Your list so far is good and I agree with those. But here are some additional things that particularly irk me.

1. Code that's too clever. Yea, you can munge some data structure to do something in one line, but it's going to take me 20 minutes to figure out what that line does and it often has subtle bugs in there because it doesn't do any error checking. Bonus points if there's no documentation saying what it does.
2. Bad variable names. This is really an art and good code makes obvious what the variables are doing and how to change them. Bad code makes this a complete guess because they're named something like "data" or "element" or even worse "x". There are exceptions, of course, but it really hampers readability or changes down the line when variable names are vague, or even worse, deceiving.
3. Too much abstraction. This is particularly egregious with Java programmers, who seem to want classes for everything. Now you have to open 13 different files to find out where the actual implemented function is and it's not at all obvious where you have to make changes to fix the bug.
4. Uberfunctions. A method or function that's 3 pages long and does 30 different things is just asking for trouble. I've seen so many of these that the programmer was too lazy to separate. The problem is that a function that's really long is very hard to conceptually keep in your mind when you're fixing something. And it's really easy to break. I can almost guarantee that these functions also lack unit tests, making changes to them very difficult.

These are some of the things that really annoy me, though there's probably a lot more. It just smells bad.

• Stuff that is implemented twice. (Copy & Paste) You fix a bug an find out that the bug is also some where else.
• Non runnable code after you got if from git or no documentation what to do to run the solution. (Install Database, Dependenies, whatever...)
• Code documentation about WHAT the code is doing instead of WHY it is doing it. I think thats one thing beginners often do because they are not used to read code.

To be honest, if you look at code you wrote 10 years ago you'll probably find stuff like that ;)

I once saw a PowerPoint created to explain how shit an inherited codebase was. Lots of stuff you mentioned, duplicated methods, breaking abstraction layers all over the place, stuff like that. I felt bad for the original owners being called out like that, but they also kinda deserved it lol

I'm not a software engineer but a data scientist.

But I can tell you that in the data world, unit tests are not yet that common practice. But it really should be. People string together SQL queries that give insensible output and no one is checking, at least not as part of regular workflow.
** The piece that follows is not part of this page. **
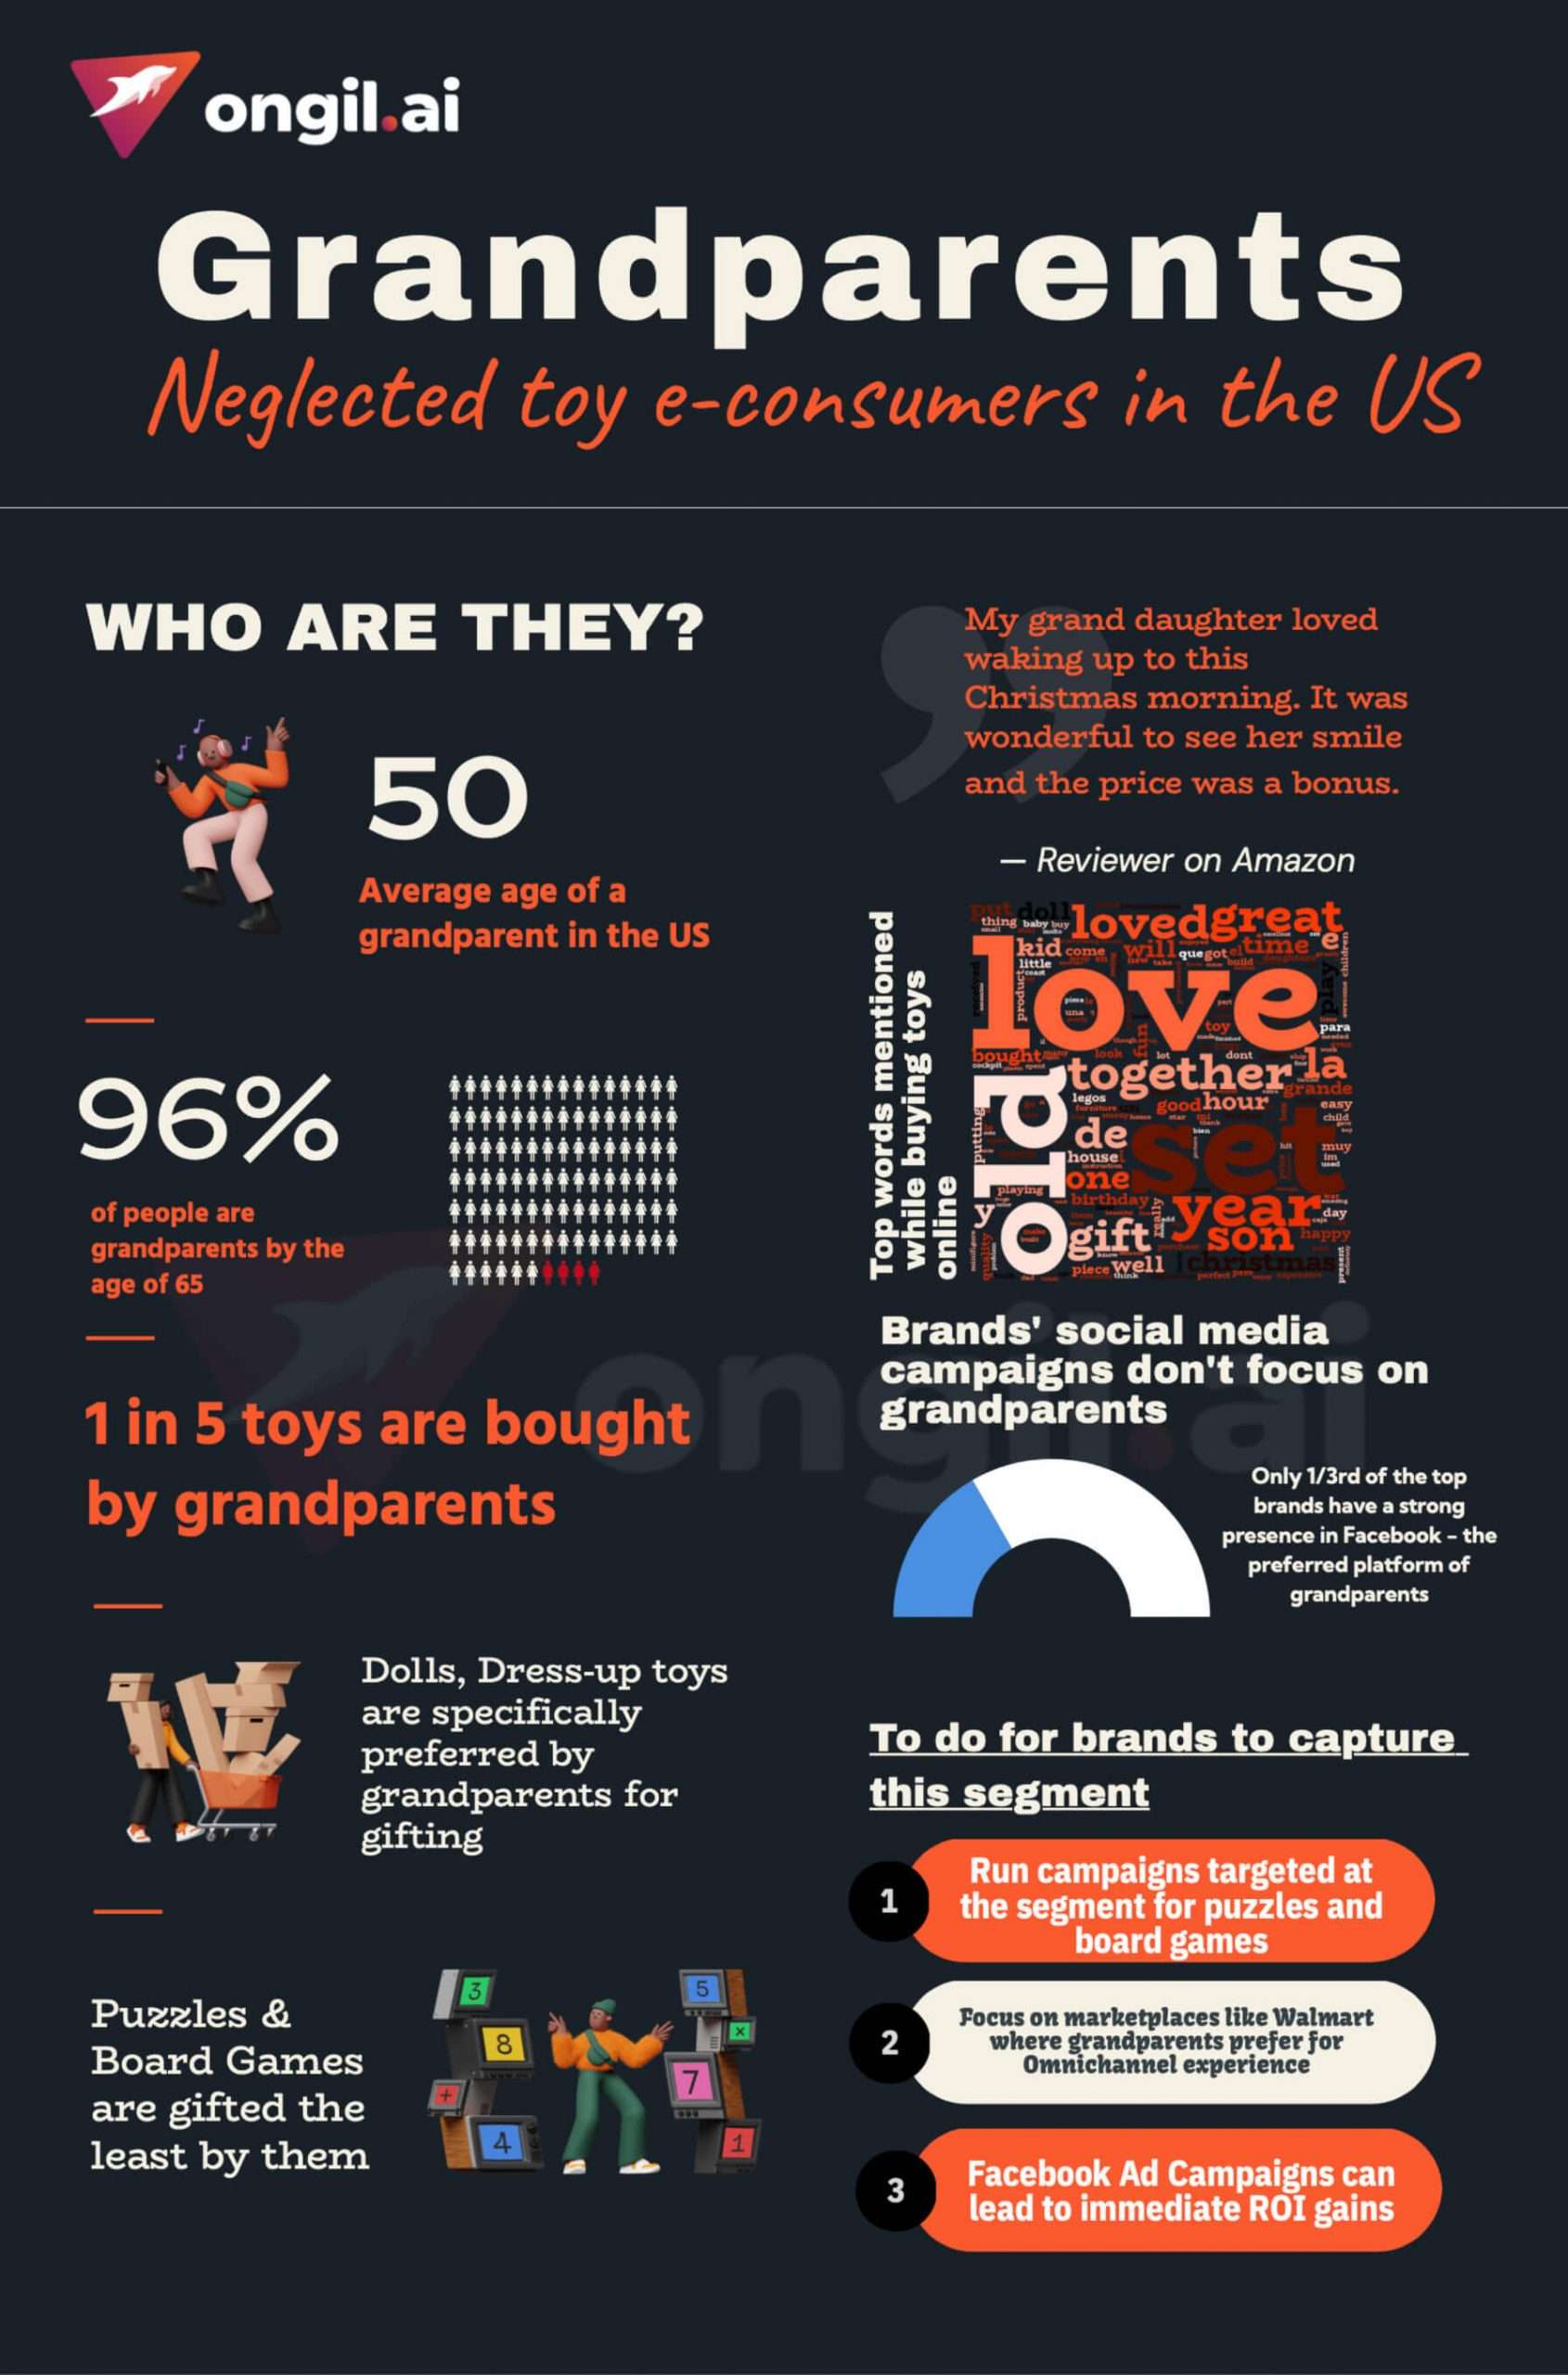 Grandparents Neglected toy E-consumers in the US

I'm part-timer so not really able to push for culture change on this at my org, but something i've noticed and it causes problems for sure

I personally like code to be easy to understand, but I also agree with all your other points.

not making use of language patterns like inheritance/interfaces/modules/etc, no or bad documentation.
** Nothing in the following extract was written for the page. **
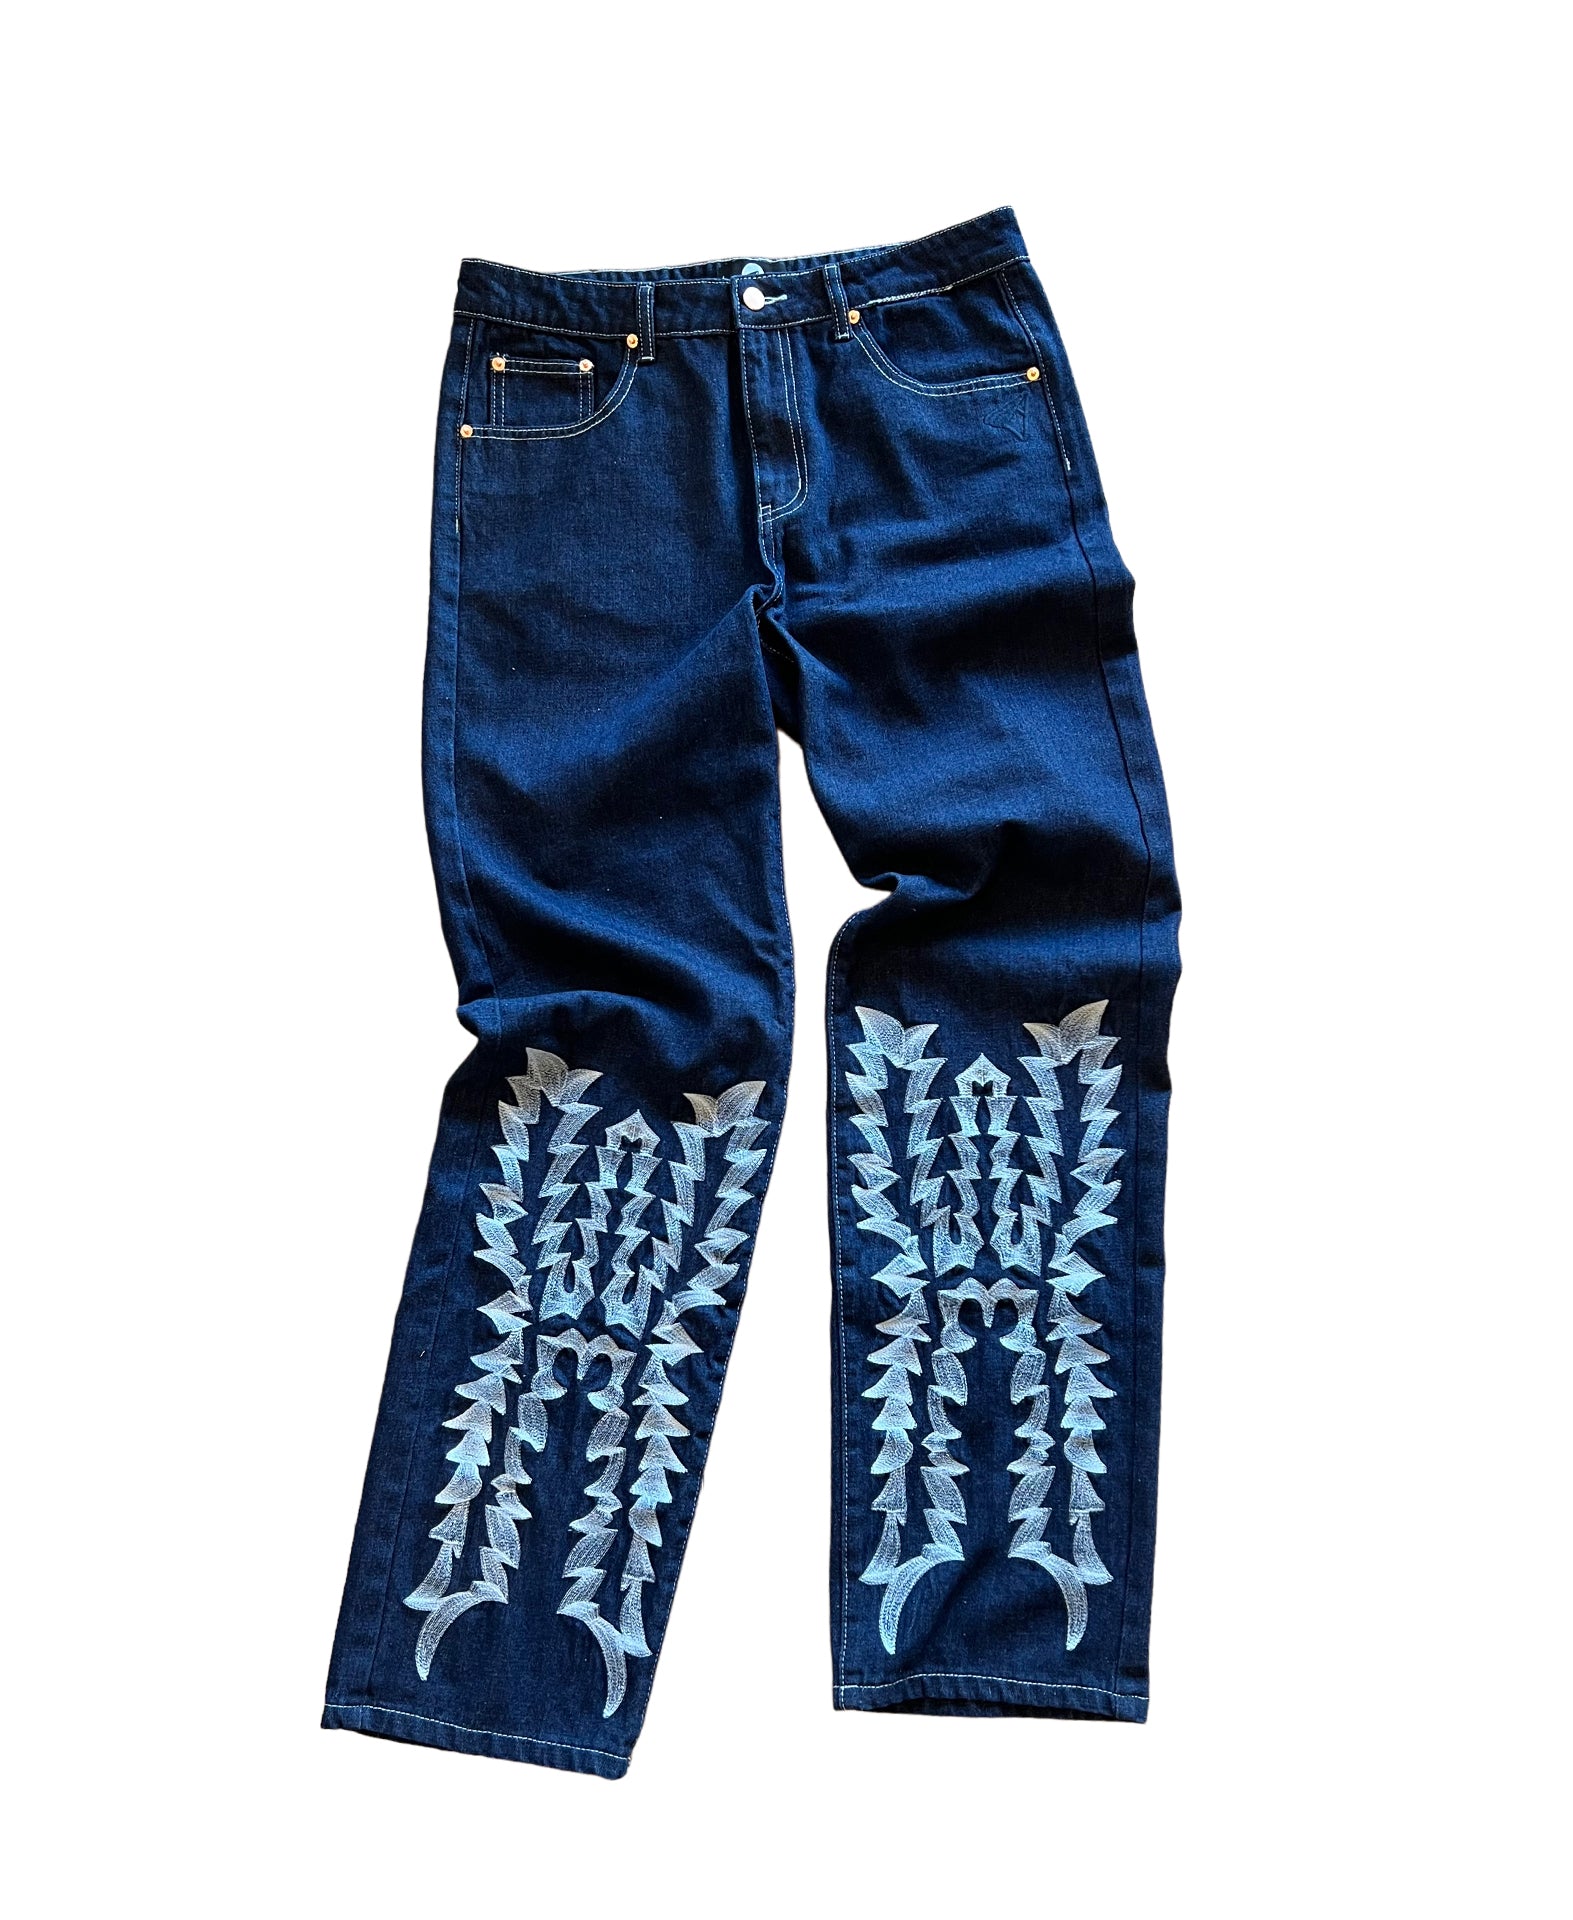 Thorn jeans - Sample

I think a lot of this overhyped. The easiest to understand code has minimally viable abstraction.

Here are some things that are not necessarily always bad but that I think smell:

1. No unit tests: The first thing I do in a new codebase is open the tests folder. A good set of tests should basically be API documentation for your code, showing me what it typically does, how it could go wrong, and what mitigations have been put in place.
2. Excessive use of mocks in tests: It's fine, and helpful, to mock out a few http requests, etc. but when your mocking code becomes as complex as the code under test, you have to wonder what is even being tested. Also, the source code becomes difficult to change: want to change one line? Now all of the tests fail because the mocks don't make sense any more and you have to spend much longer fixing up the mocks than it took to make the original code change.
3. No readme (or some useless, generic one that has nothing to do with this particular bit of code): I don't have time to analyze all of your code. Tell me what it does and how to test/package/run it.
4. Magic numbers: e.g. retry(5). What is that? Retry in 5 seconds? Retry 5 times? If the latter, then why not MAX_RETRIES = 5 or something then retry(MAX_RETRIES)?
5. Main/handler functions that basically do everything with no smaller functions. Impossible to test properly and difficult to add functionality.
6. Functions that take too many arguments: This is normally a sign that your functions have too many responsibilities or that you are passing data around in your code unnecessarily.
7. Singleton classes that exist solely to serve as a namespace. Especially annoying in something like Python where the file is a namespace.
8. Files or directories named "utils": these normally end up containing a bunch of misc. stuff because devs were too lazy to figure out where things should actually go because that might involve a little bit of refactoring and tidying up
9. Lack of type annotations (if the language supports them). Running a static type checker can eliminate a whole class of bugs. Annotations also help with code readability.

I consider shit code, assuming it works, to be hard to read and hard to build. If I have to read every line of a function/method to figure out what it does, it probably means the name of the function/method is inadequate at explaining it. If I have to build something that only works on a certain operating system, or has dependencies that only work on computers with specific local files, it's shitty code.

Premature optimization also makes for shitty code. One code snippet I remember used custom bitwise logic for multiplication. It was both a wasted effort (because of compiler optimizations), and made the code unnecessarily complex for newer junior devs on the team to understand.

Cleverness is fine imo, as long as the clever implementation is behind a good interface that can be swapped out easily if problems arise. I would prefer to start off with a well-abstracted dumb implementation and swap it for a clever one afterwards so that the commit history can be called upon for easy file reverts.